I spent the weekend with Kurt Gödel, reading Rebecca Goldstein's Incompleteness The Proof and Paradox of Kurt Gödel. It was Gödel, born 100 years ago in 1906, who proved the two Incompleteness Theorems, the first of which states that a formalized system capable of specifying arithmetic can be consistent, but will contain theorems which are true but which can be neither proved nor disproved within the system.
Furthermore, such a formalized system can not, within itself, prove its own consistency. To do that you have to go outside the system.

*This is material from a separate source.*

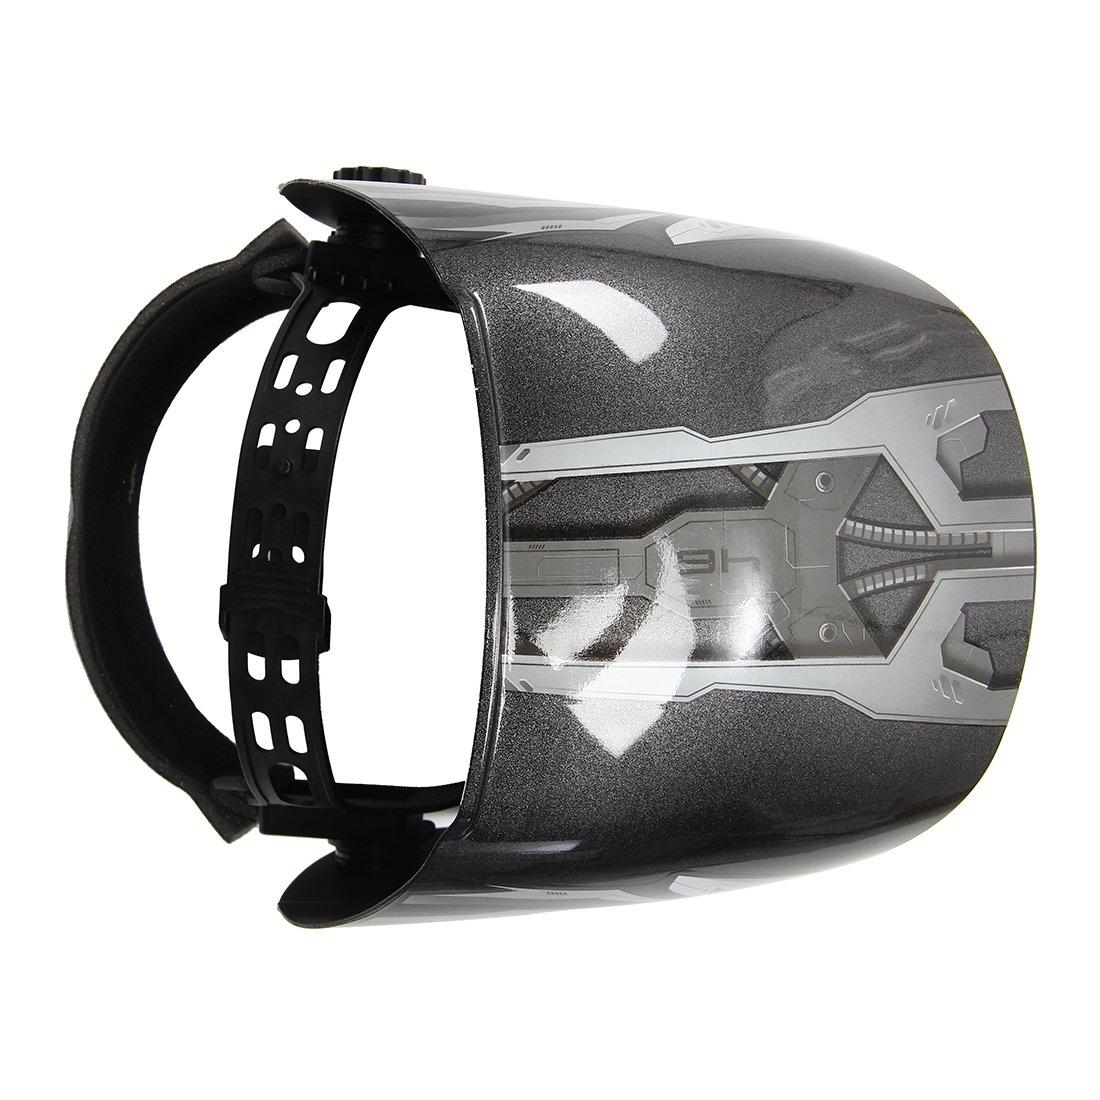 R SODIAL Solar Auto Darkening Welding Helmet TIG MIG Weld Welder Lens Grinding Mask Welding Helmet
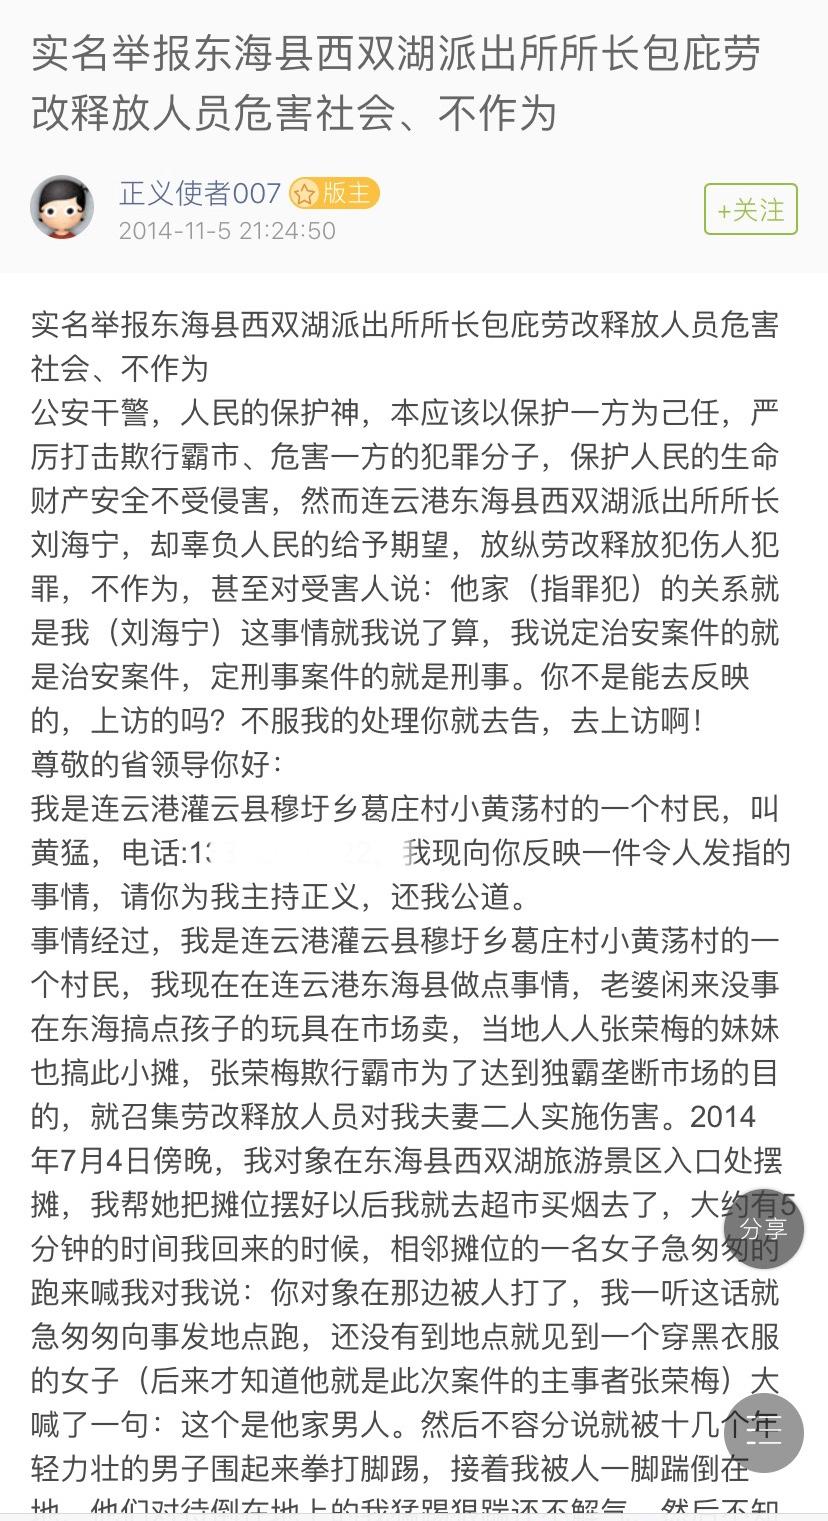 2014年劉海寧曾遭到某村民實名舉報。(網絡截圖)

This put Gödel (incompleteness) alongside Einstein (relativity) and Heisenberg (uncertainty) in architecting the scientific worldview of the 20th century.
Let's think about this again:
- you can express things arithmetically
- which you can show to be true metamathematically
- which cannot be proven/disproven arithmetically
So an arithmetic-capable system can be consistent, but not complete.
If this is a pattern, then we could restate it as:
- What is expressible in a system
- And is true in a metasystem
- May not be provable in the system
If we think about an autopoietic system - one which ongoingly generates itself, maintaining the structural coupling with its environment which is its identity - we could say that the system's call-by-future, the morphism giving rise to it, is a truth asserting functor from system1 to metasystem, following which the elements and rules of system2 are derived. There is structural coupling between the system and its metasystem (the environment of the system's existence), which is a living autopoiesis, giving rise to systemic forms. This coupling is tacit call-by-future - truth felt but not yet proven or manifested.
It may be that the following is another way to state this: syntax, and its consistency, is in fact driven by semantics. You can not actually exclude the mathematician from the arithmetic (as the Hilbert program to formalize mathematics had claimed). Or, as Gödel, who was philosophically a Platonist, might have said, without the mathematics experienced by mathematicians there is no existence to formalized mathematical systems. I myself would extend that to include Platonic form itself as only experienced in structural coupling of the human: it's real, but not independently so (just like us :-).
This is all in the interest of examining how such a process that we human beings engage in may be shared with our software, so it may care with us, be more expressive of context, system and metasystem, and be itself actively participant in creativity and truth making. I suspect such a formalization into software language cannot be made to breath without inherent human participation, built into the shared metasystem of the software.
This program is not about artificial but about symbiotic intelligence, and not so much about the semantic as about the symbiotic web.
Homage to Kurt Gödel for thinking and prompting such thoughts.